All of the listing should be output exactly, apart from the pictures.

START Data extract

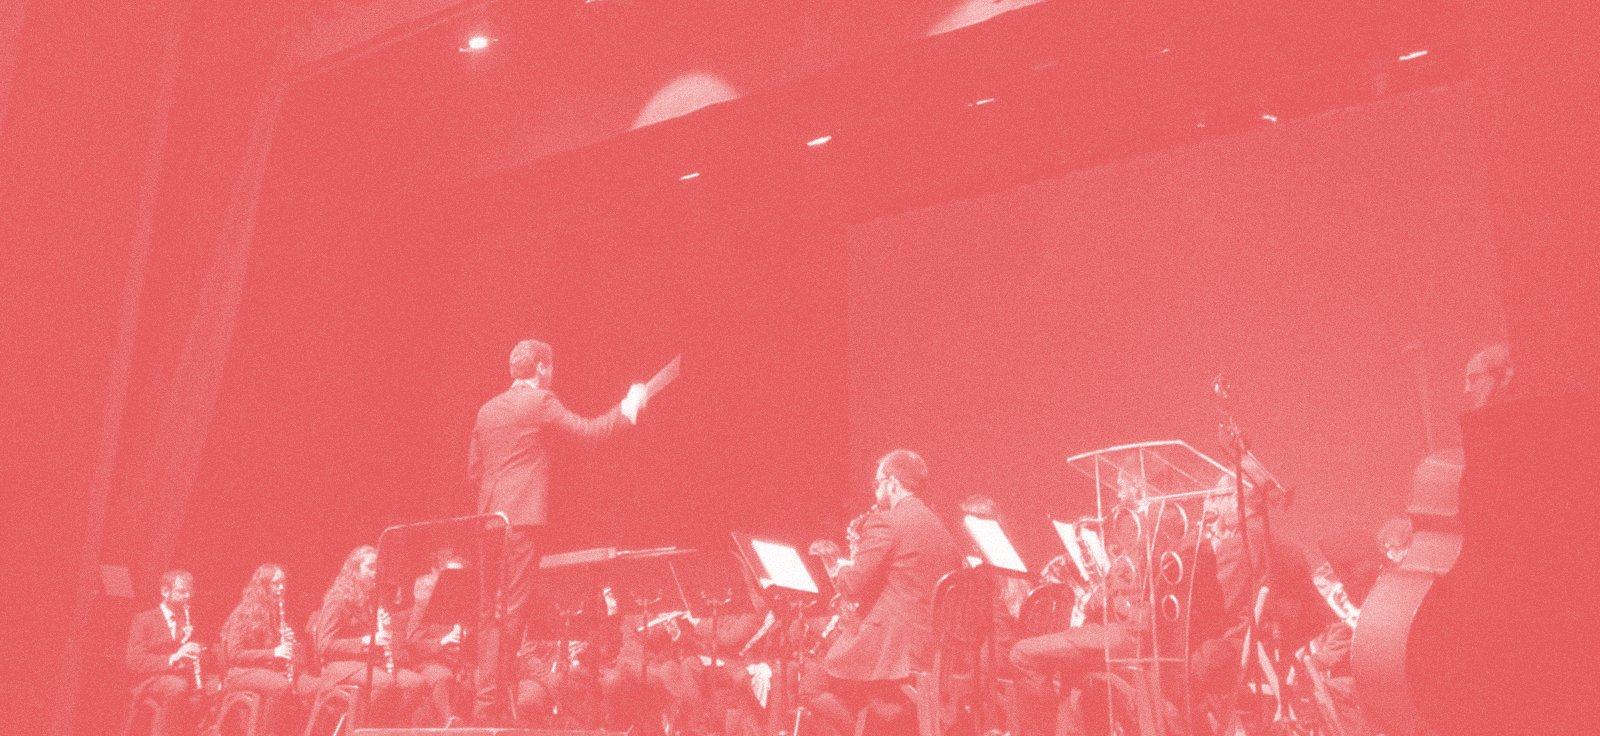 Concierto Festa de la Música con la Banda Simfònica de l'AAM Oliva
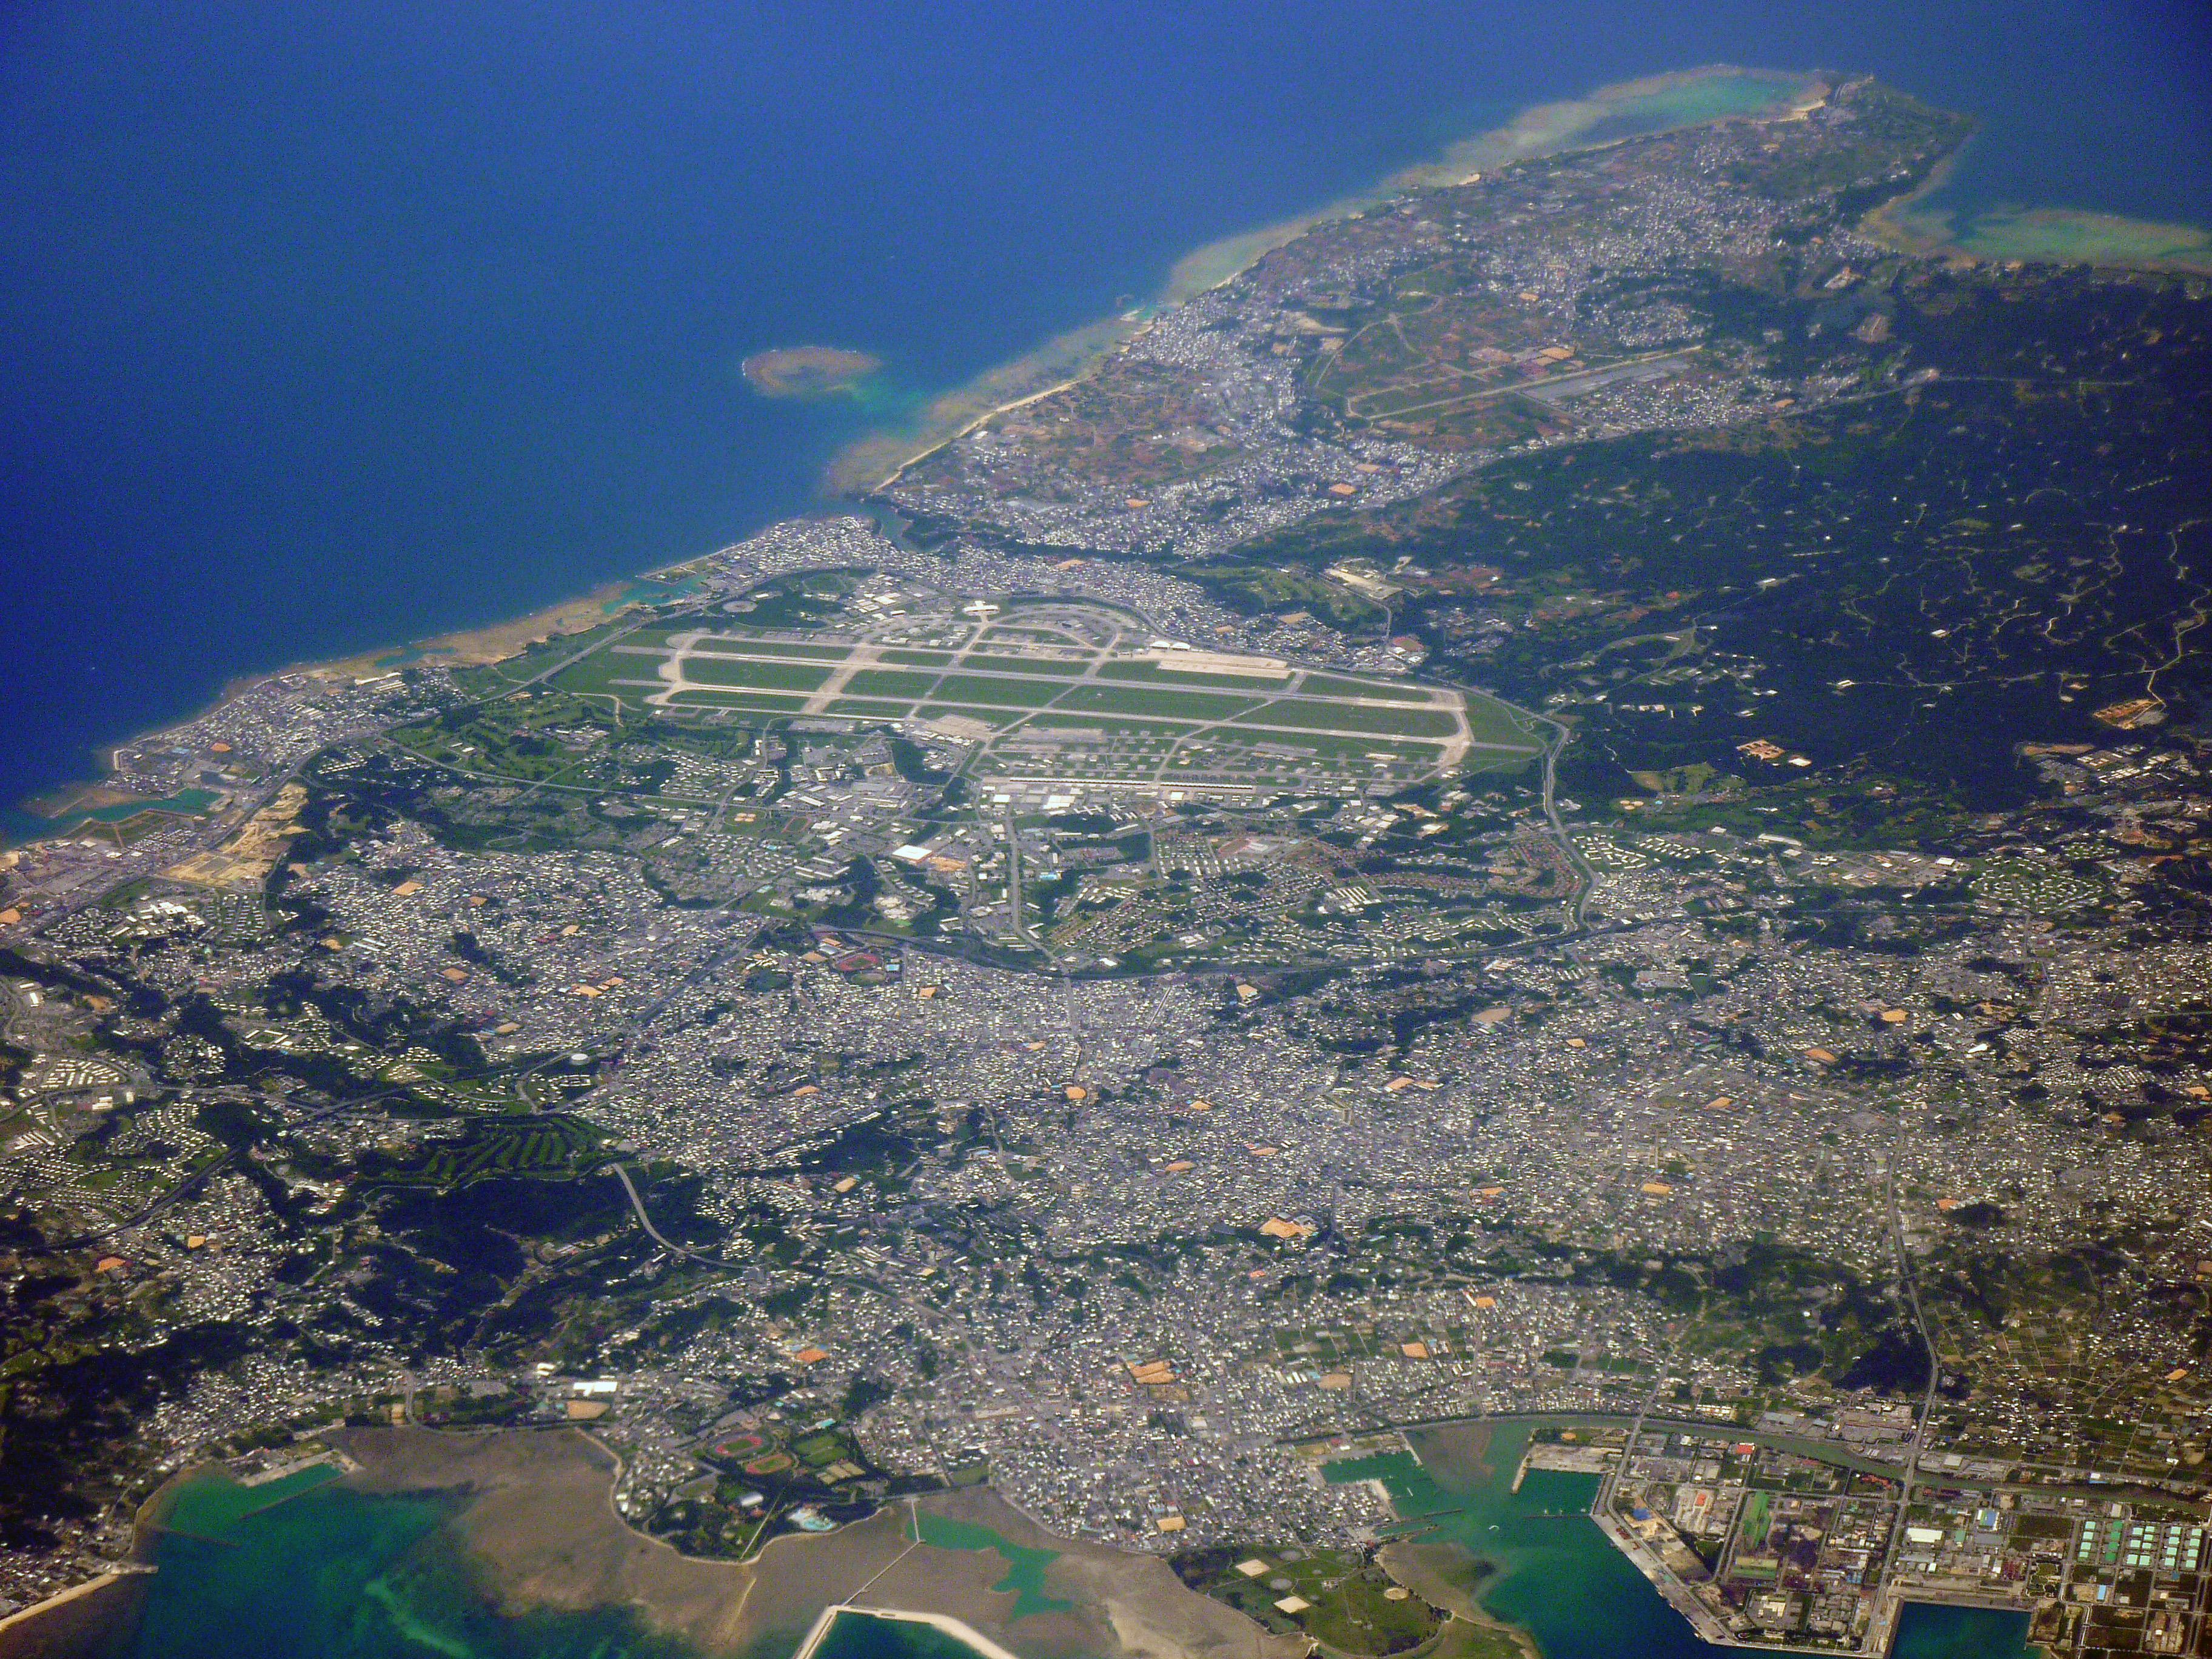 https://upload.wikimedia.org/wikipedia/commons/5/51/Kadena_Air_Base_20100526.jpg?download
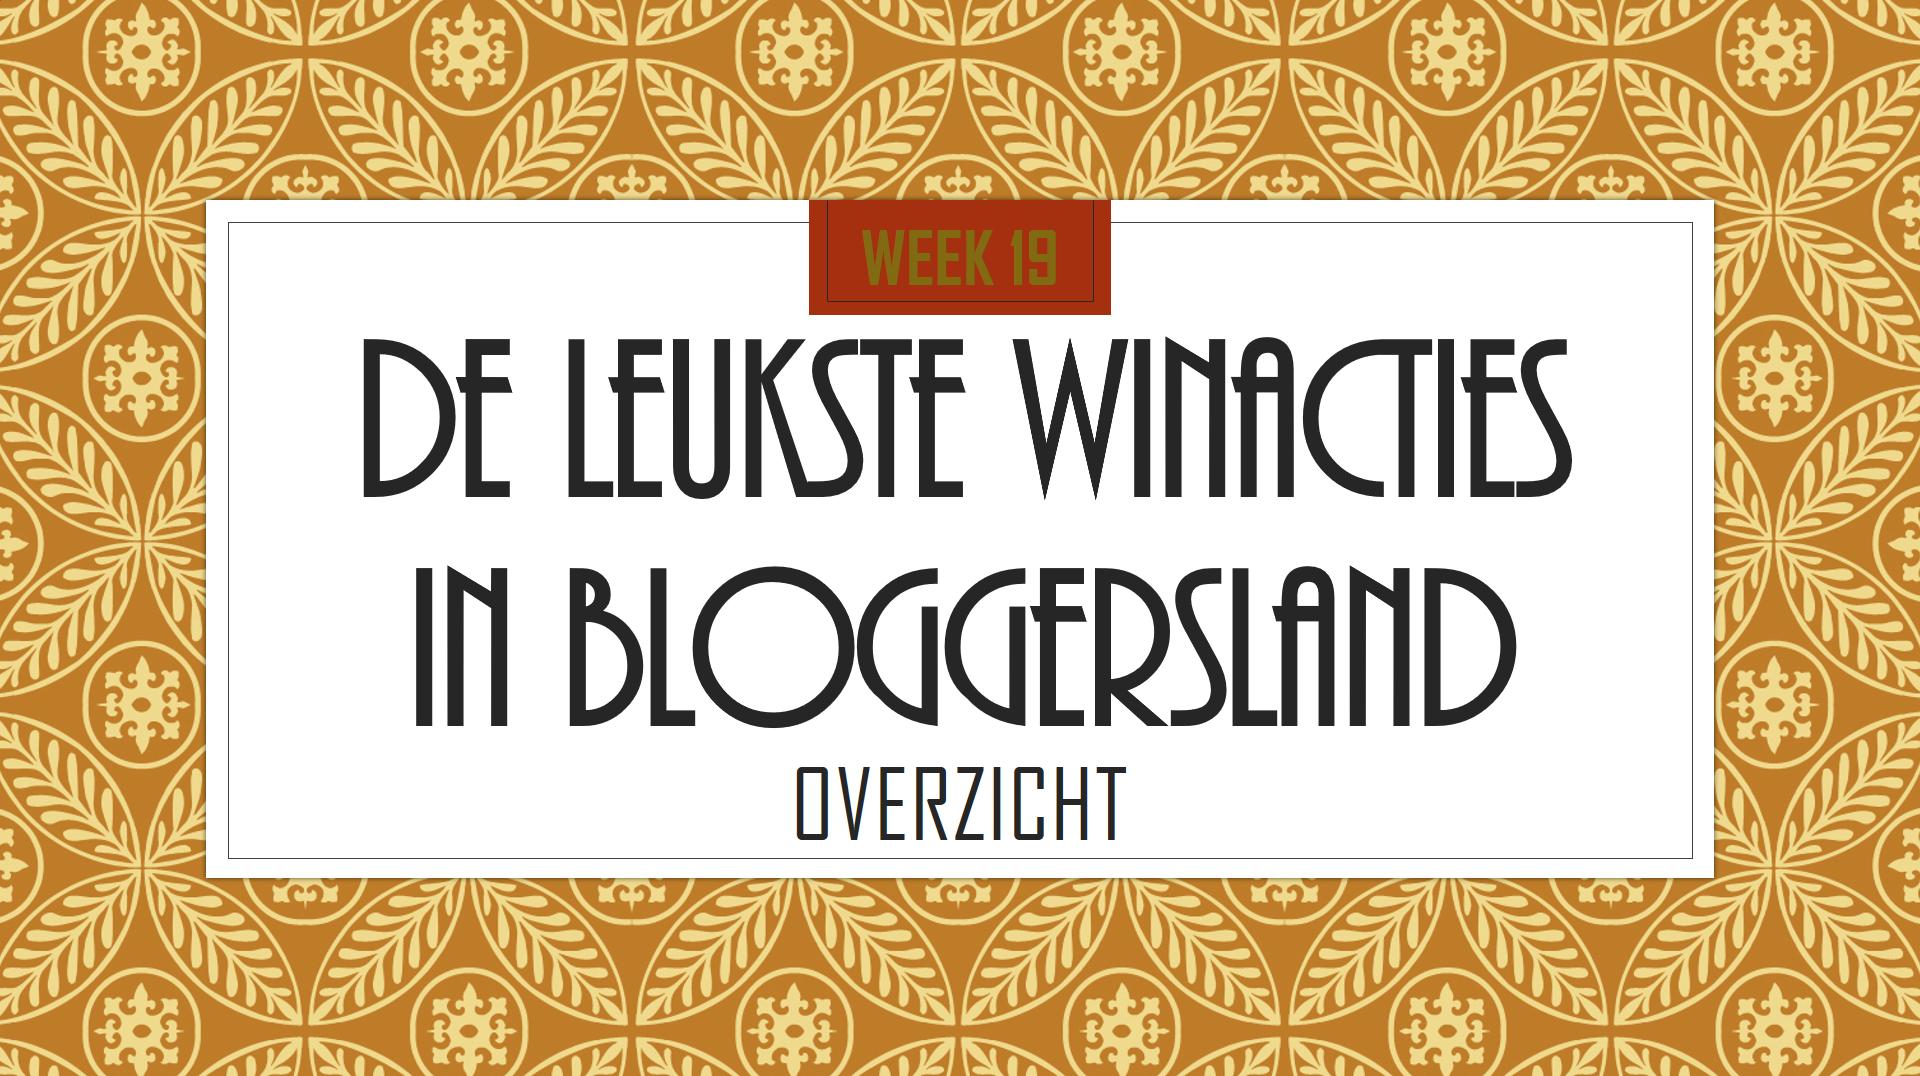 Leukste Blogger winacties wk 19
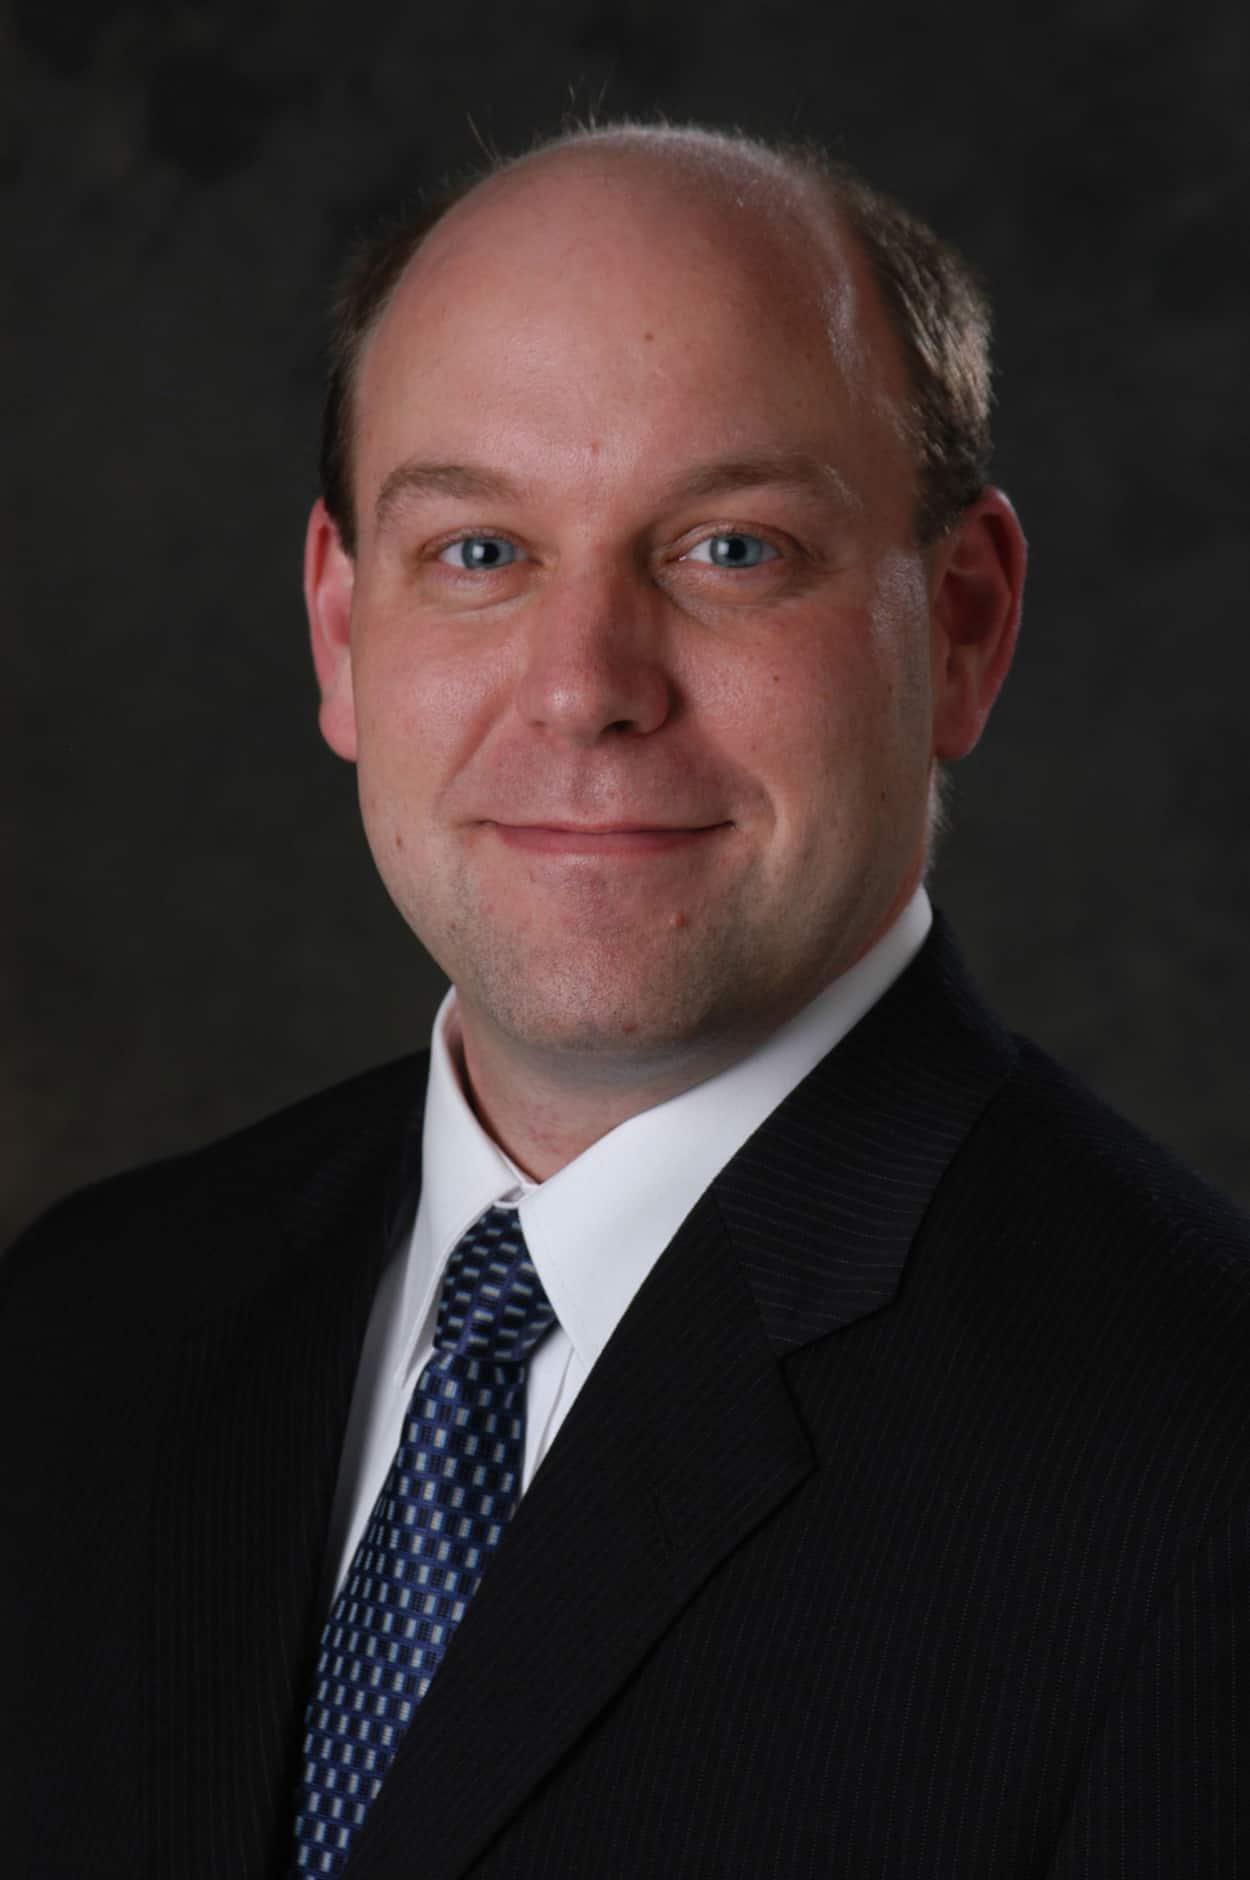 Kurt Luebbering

END Data extract

**Exercise result**.
 Concierto Festa de la Música con la Banda Simfònica de l'AAM Oliva
 https://upload.wikimedia.org/wikipedia/commons/5/51/Kadena_Air_Base_20100526.jpg?download
 Leukste Blogger winacties wk 19
 Kurt Luebbering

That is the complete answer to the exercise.